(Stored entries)
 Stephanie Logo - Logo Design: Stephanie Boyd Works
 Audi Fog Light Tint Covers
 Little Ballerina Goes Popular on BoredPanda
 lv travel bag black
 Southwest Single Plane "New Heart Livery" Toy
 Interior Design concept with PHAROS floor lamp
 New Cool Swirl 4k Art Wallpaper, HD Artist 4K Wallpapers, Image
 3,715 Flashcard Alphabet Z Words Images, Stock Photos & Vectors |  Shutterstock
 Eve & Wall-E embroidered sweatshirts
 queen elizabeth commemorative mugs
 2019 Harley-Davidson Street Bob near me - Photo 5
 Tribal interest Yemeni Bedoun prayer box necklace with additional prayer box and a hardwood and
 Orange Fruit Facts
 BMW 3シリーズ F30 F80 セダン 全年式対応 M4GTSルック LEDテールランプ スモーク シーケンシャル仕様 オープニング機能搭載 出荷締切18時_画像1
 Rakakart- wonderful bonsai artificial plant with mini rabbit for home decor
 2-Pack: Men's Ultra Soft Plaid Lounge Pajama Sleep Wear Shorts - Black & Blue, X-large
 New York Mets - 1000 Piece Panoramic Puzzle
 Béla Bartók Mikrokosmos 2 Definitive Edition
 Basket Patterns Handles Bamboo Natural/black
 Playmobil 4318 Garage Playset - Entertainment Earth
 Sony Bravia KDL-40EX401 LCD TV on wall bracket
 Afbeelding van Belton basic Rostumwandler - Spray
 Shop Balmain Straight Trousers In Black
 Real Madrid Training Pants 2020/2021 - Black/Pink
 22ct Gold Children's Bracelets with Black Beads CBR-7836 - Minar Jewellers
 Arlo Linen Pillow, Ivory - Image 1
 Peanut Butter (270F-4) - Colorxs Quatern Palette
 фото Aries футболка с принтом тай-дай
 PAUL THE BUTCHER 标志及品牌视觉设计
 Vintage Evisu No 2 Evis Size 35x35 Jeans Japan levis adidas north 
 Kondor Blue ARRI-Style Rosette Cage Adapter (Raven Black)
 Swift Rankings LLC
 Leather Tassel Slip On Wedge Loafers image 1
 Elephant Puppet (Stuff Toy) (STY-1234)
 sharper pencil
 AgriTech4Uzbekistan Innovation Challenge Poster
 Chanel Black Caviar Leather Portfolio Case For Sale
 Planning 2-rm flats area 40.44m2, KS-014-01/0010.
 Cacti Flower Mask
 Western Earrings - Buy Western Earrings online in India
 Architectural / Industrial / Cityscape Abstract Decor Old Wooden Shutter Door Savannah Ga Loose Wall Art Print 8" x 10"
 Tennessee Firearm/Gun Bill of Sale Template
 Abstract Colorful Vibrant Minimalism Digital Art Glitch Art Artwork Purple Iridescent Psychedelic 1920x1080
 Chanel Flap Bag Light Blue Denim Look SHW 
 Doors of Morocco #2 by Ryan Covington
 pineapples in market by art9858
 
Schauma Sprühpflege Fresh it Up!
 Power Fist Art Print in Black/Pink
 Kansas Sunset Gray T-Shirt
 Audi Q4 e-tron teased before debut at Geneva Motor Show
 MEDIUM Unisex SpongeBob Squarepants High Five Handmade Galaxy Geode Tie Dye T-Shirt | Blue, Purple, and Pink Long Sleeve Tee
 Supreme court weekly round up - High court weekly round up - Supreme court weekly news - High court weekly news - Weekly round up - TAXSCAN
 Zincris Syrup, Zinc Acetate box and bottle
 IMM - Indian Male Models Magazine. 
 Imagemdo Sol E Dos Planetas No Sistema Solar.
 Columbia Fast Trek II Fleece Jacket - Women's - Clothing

- What you have to do
The lines above are to be retyped exactly, with none omitted.

- Task result
 Stephanie Logo - Logo Design: Stephanie Boyd Works
 Audi Fog Light Tint Covers
 Little Ballerina Goes Popular on BoredPanda
 lv travel bag black
 Southwest Single Plane "New Heart Livery" Toy
 Interior Design concept with PHAROS floor lamp
 New Cool Swirl 4k Art Wallpaper, HD Artist 4K Wallpapers, Image
 3,715 Flashcard Alphabet Z Words Images, Stock Photos & Vectors |  Shutterstock
 Eve & Wall-E embroidered sweatshirts
 queen elizabeth commemorative mugs
 2019 Harley-Davidson Street Bob near me - Photo 5
 Tribal interest Yemeni Bedoun prayer box necklace with additional prayer box and a hardwood and
 Orange Fruit Facts
 BMW 3シリーズ F30 F80 セダン 全年式対応 M4GTSルック LEDテールランプ スモーク シーケンシャル仕様 オープニング機能搭載 出荷締切18時_画像1
 Rakakart- wonderful bonsai artificial plant with mini rabbit for home decor
 2-Pack: Men's Ultra Soft Plaid Lounge Pajama Sleep Wear Shorts - Black & Blue, X-large
 New York Mets - 1000 Piece Panoramic Puzzle
 Béla Bartók Mikrokosmos 2 Definitive Edition
 Basket Patterns Handles Bamboo Natural/black
 Playmobil 4318 Garage Playset - Entertainment Earth
 Sony Bravia KDL-40EX401 LCD TV on wall bracket
 Afbeelding van Belton basic Rostumwandler - Spray
 Shop Balmain Straight Trousers In Black
 Real Madrid Training Pants 2020/2021 - Black/Pink
 22ct Gold Children's Bracelets with Black Beads CBR-7836 - Minar Jewellers
 Arlo Linen Pillow, Ivory - Image 1
 Peanut Butter (270F-4) - Colorxs Quatern Palette
 фото Aries футболка с принтом тай-дай
 PAUL THE BUTCHER 标志及品牌视觉设计
 Vintage Evisu No 2 Evis Size 35x35 Jeans Japan levis adidas north 
 Kondor Blue ARRI-Style Rosette Cage Adapter (Raven Black)
 Swift Rankings LLC
 Leather Tassel Slip On Wedge Loafers image 1
 Elephant Puppet (Stuff Toy) (STY-1234)
 sharper pencil
 AgriTech4Uzbekistan Innovation Challenge Poster
 Chanel Black Caviar Leather Portfolio Case For Sale
 Planning 2-rm flats area 40.44m2, KS-014-01/0010.
 Cacti Flower Mask
 Western Earrings - Buy Western Earrings online in India
 Architectural / Industrial / Cityscape Abstract Decor Old Wooden Shutter Door Savannah Ga Loose Wall Art Print 8" x 10"
 Tennessee Firearm/Gun Bill of Sale Template
 Abstract Colorful Vibrant Minimalism Digital Art Glitch Art Artwork Purple Iridescent Psychedelic 1920x1080
 Chanel Flap Bag Light Blue Denim Look SHW 
 Doors of Morocco #2 by Ryan Covington
 pineapples in market by art9858
 
Schauma Sprühpflege Fresh it Up!
 Power Fist Art Print in Black/Pink
 Kansas Sunset Gray T-Shirt
 Audi Q4 e-tron teased before debut at Geneva Motor Show
 MEDIUM Unisex SpongeBob Squarepants High Five Handmade Galaxy Geode Tie Dye T-Shirt | Blue, Purple, and Pink Long Sleeve Tee
 Supreme court weekly round up - High court weekly round up - Supreme court weekly news - High court weekly news - Weekly round up - TAXSCAN
 Zincris Syrup, Zinc Acetate box and bottle
 IMM - Indian Male Models Magazine. 
 Imagemdo Sol E Dos Planetas No Sistema Solar.
 Columbia Fast Trek II Fleece Jacket - Women's - Clothing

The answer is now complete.